Exponential Spacings

\(X_1,...,X_n\sim Exp(\lambda)\) iid.

\[f(x;\lambda) = \lambda \exp(-\lambda x)\mathbb I(x\geq 0)\]

Given the order statistics \(X_{(1)}\leq ...\leq X_{(n)}\) define

\[\begin{align*} Y_1 &= nX_{(1)}\\ Y_2 &= (n-1)(X_{(2)}-X_{(1)}) = (n-1)D_1\\ Y_2 &= (n-2)(X_{(3)}-X_{(2)}) = (n-2)D_2\\ \vdots\\ Y_n &= X_{(n)} - X_{(n-1)} = D_{n-1} \end{align*}\]

Proposition 1

\(Y_1,...,Y_n\) are iid \(\sim Exp(\lambda)\)

proof. Note that the join pdf of \((X_{(1)}, ..., X_{(n)})\) if

\[f(x_1,...,x_n) = n!\lambda^n\exp(-\lambda \sum^n x_i)\mathbb I(0\leq x_1<x_2<...<x_n)\]

Also, note that

\[\begin{align*} X_{(1)} &= Y_1/n \\ X_{(k)} &= \frac{Y_1}{n} + ... + \frac{Y_k}{n-k+1}, k = 2,...,n \end{align*}\]

Therefore,

\[g(y_1,...,y_n) = f\big(\frac{y_1}n, ..., \frac{y_1}{n} + \frac{y_2}{n-1} + ... + y_n\big)|J(y_1,...,y_n)|\]
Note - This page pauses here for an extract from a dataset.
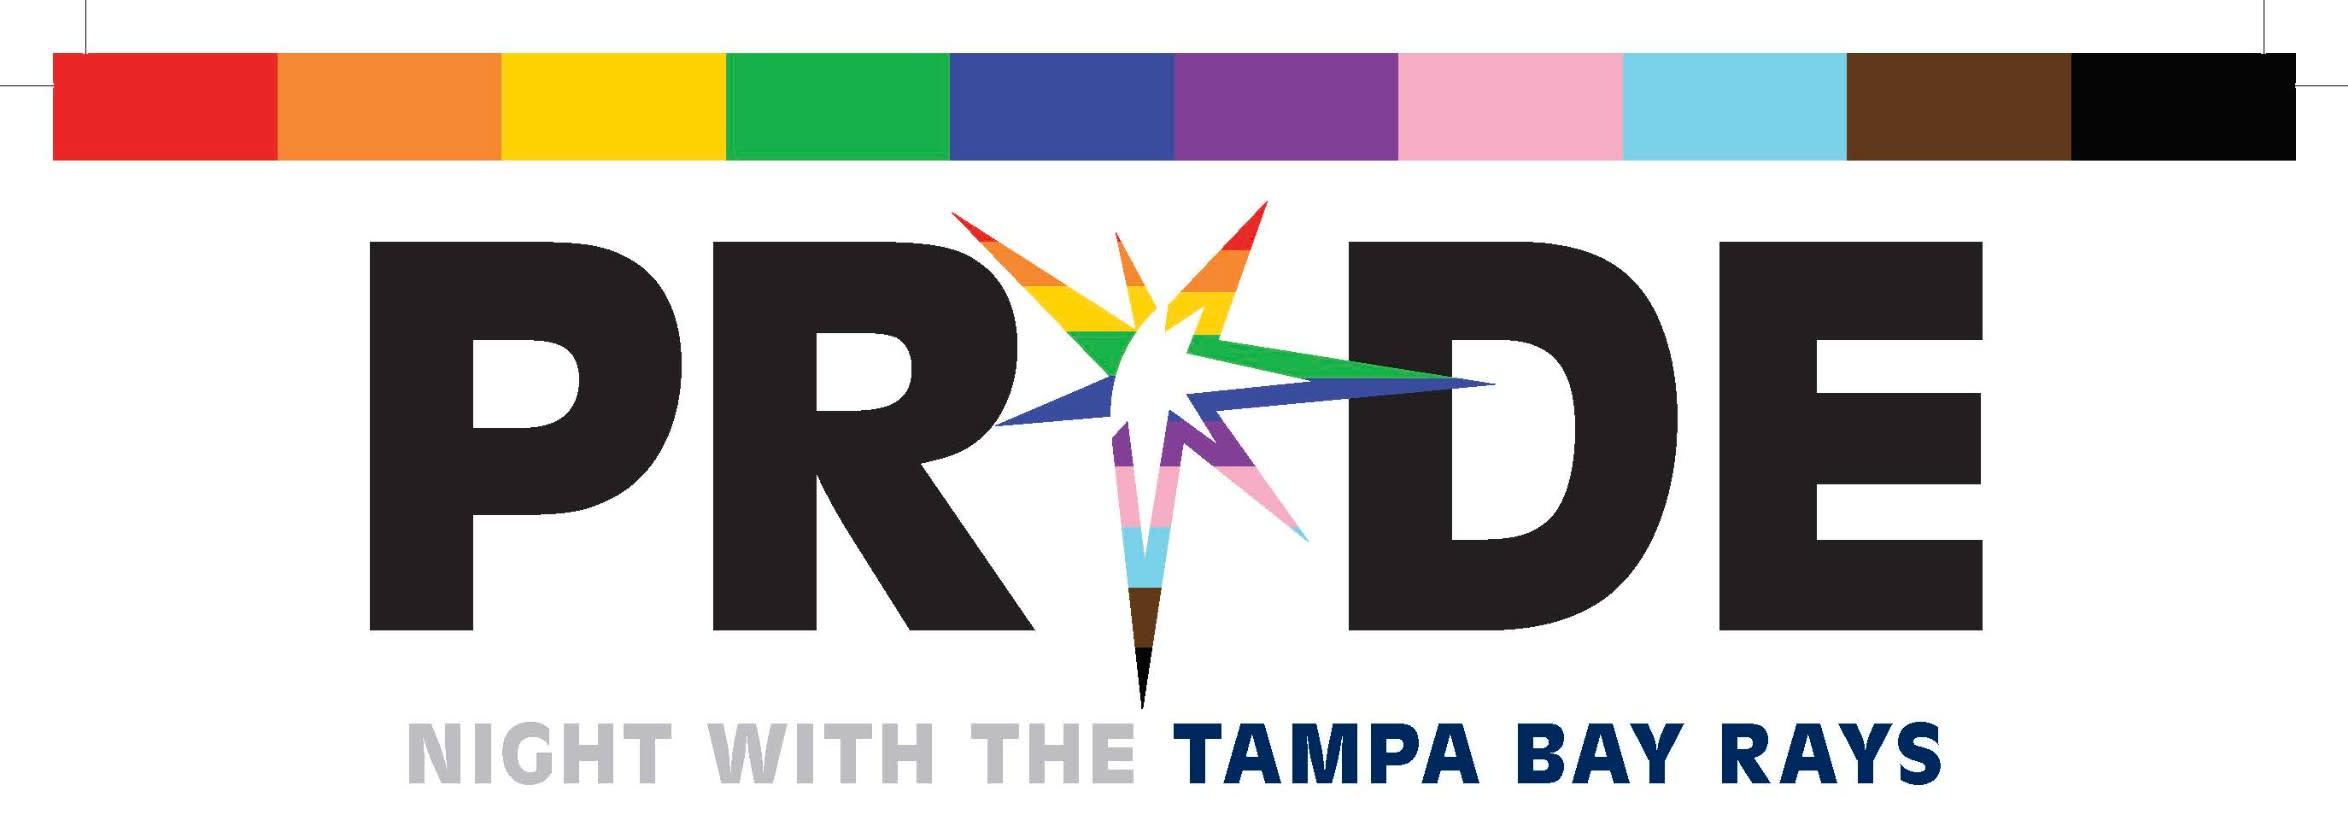 Tampa Bay Rays Pride Night Event Registration

Note that \(|J|\) is the absolute determinant of the matrix

\[\begin{bmatrix} 1/n&0&0&...&0\\ 1/n&\frac 1{n-1}&0&...&0\\ \vdots &\vdots &\ddots &...&\vdots\\ 1/n&\frac{1}{n-1}&\frac 1{n-2}&...&1 \end{bmatrix}\]

which is \(\frac{1}{n!}\)

\[g(y_1,...,y_n)=n!\lambda^n\exp(-\lambda \sum^n x_i) \frac 1{n!} = \lambda^n\exp(-\lambda \sum^n x_i)\mathbb I(y_1,...,y_n\geq 0)\]

Proposition 2

If \(\frac{k_n}n\rightarrow\tau\in (0,1)\) and \(f(F^{-1}(\tau)) > 0\), then

\[nD_{k_n}\rightarrow^d Exp(f(F^{-1}(\tau)))\]
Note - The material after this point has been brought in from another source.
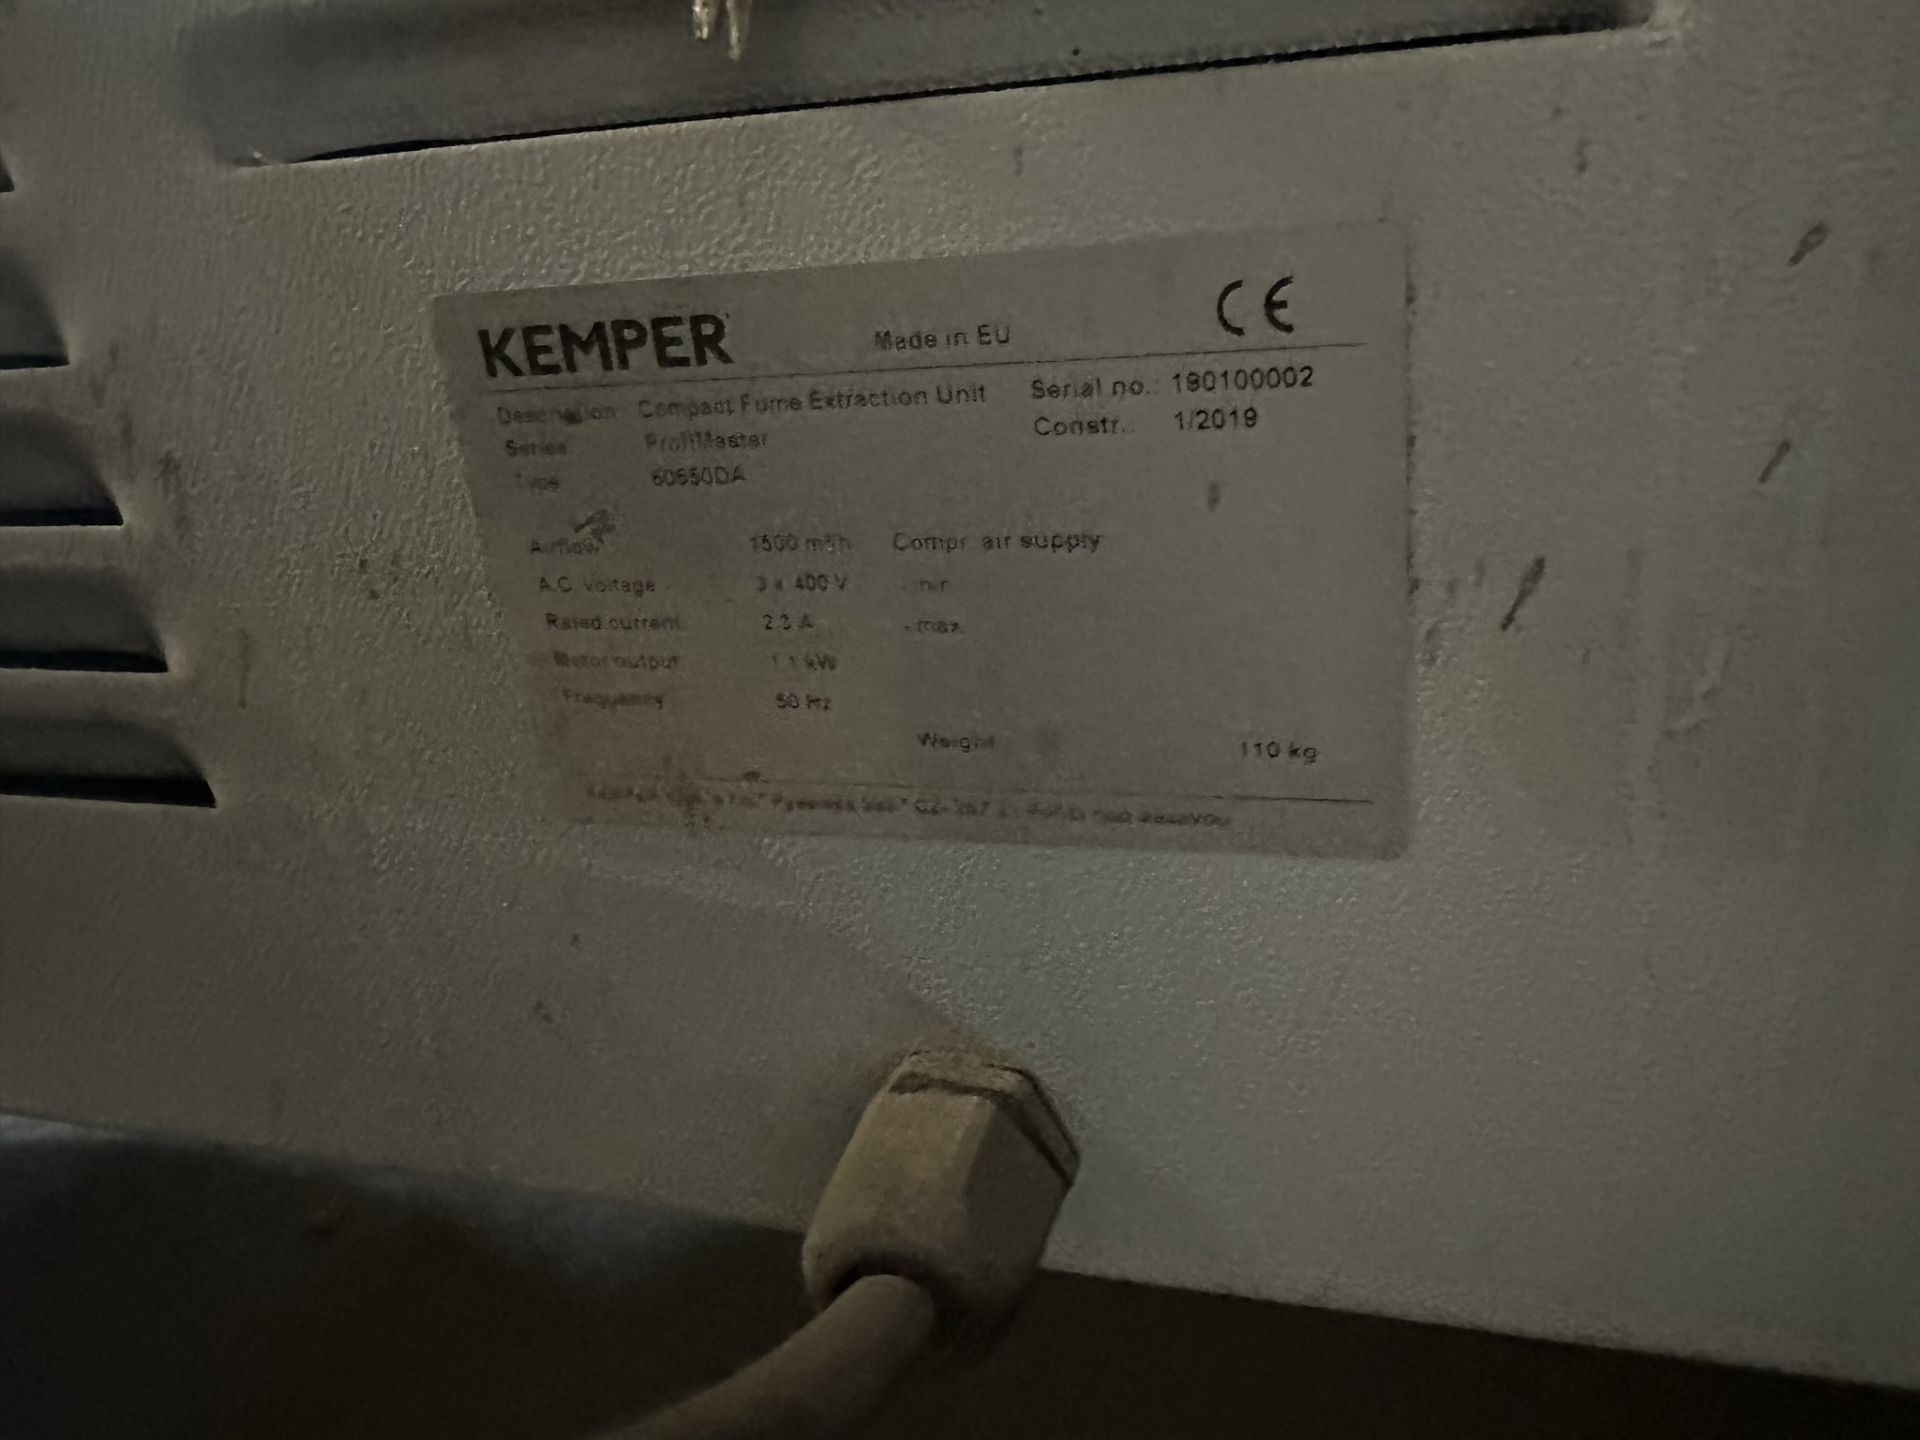 Kemper ProfiMaster - Image 3 of 3

\[\implies P(D_{k_n}\leq x )\approx 1 - \exp(-nf(F^{-1}(\tau))x), x\geq 0\]

proof. Note that

\[X_{(k_n+1)}=^d F^{-1}\big(\frac{E_1+...+E_{k_n+1}}{E_1+...+E_{n+1}}\big), X_{(k_n)}=^d F^{-1}\big(\frac{E_1+...+E_{k_n}}{E_1+...+E_{n+1}}\big)\]

where \(E_i \sim Exp(1)\)
so that

\[\begin{align*} nD_{k_n} &= ^d n\bigg(F^{-1}\big(\frac{E_1+...+E_{k_n+1}}{E_1+...+E_{n+1}} - F^{-1}\big(\frac{E_1+...+E_{k_n}}{E_1+...+E_{n+1}}\big)\big)\bigg)\\ &\approx \frac{1}{f(F^{-1}(\tau))}\bigg(\frac{nE_{k_n+1}}{E_1+...+E_{n+1}}\bigg)\\ &= \frac{1}{f(F^{-1}(\tau))}\bigg(\frac{E_{k_n+1}}{(E_1+...+E_{n+1})/n}\bigg)\\ &\rightarrow^p \frac{E_{k_n+1}}{f(F^{-1}(\tau))} &\text{WLLN, }\frac{E_1+...+E_{n+1}}n\rightarrow^p 1\\ &\sim Exp(f(F^{-1}(\tau))) \end{align*}\]

Example: density estimation using spacings

Consider \(D_1,...,D_{n-1}\) are iid. exponential with \(E(nD_k) = \exp(g(V_k))\) where \(V_k = \frac{X_{(k+1)} + X_{(k)}}{2}\), then \(V_k\approx F^{-1}(\tau), \tau\approx \frac kn\approx \frac{k+1}n\) and the density is \(f(x)=\exp(-g(x))\)

Using B-spline functions, we can estimate the function \(g(x)\)

\[g(x)=\beta_0 + \sum_{i=1}^p \beta_j \psi_j(x)\]

where \(\beta_i\)'s are unknown parameters and \(\psi_j\)'s are B-spline functions.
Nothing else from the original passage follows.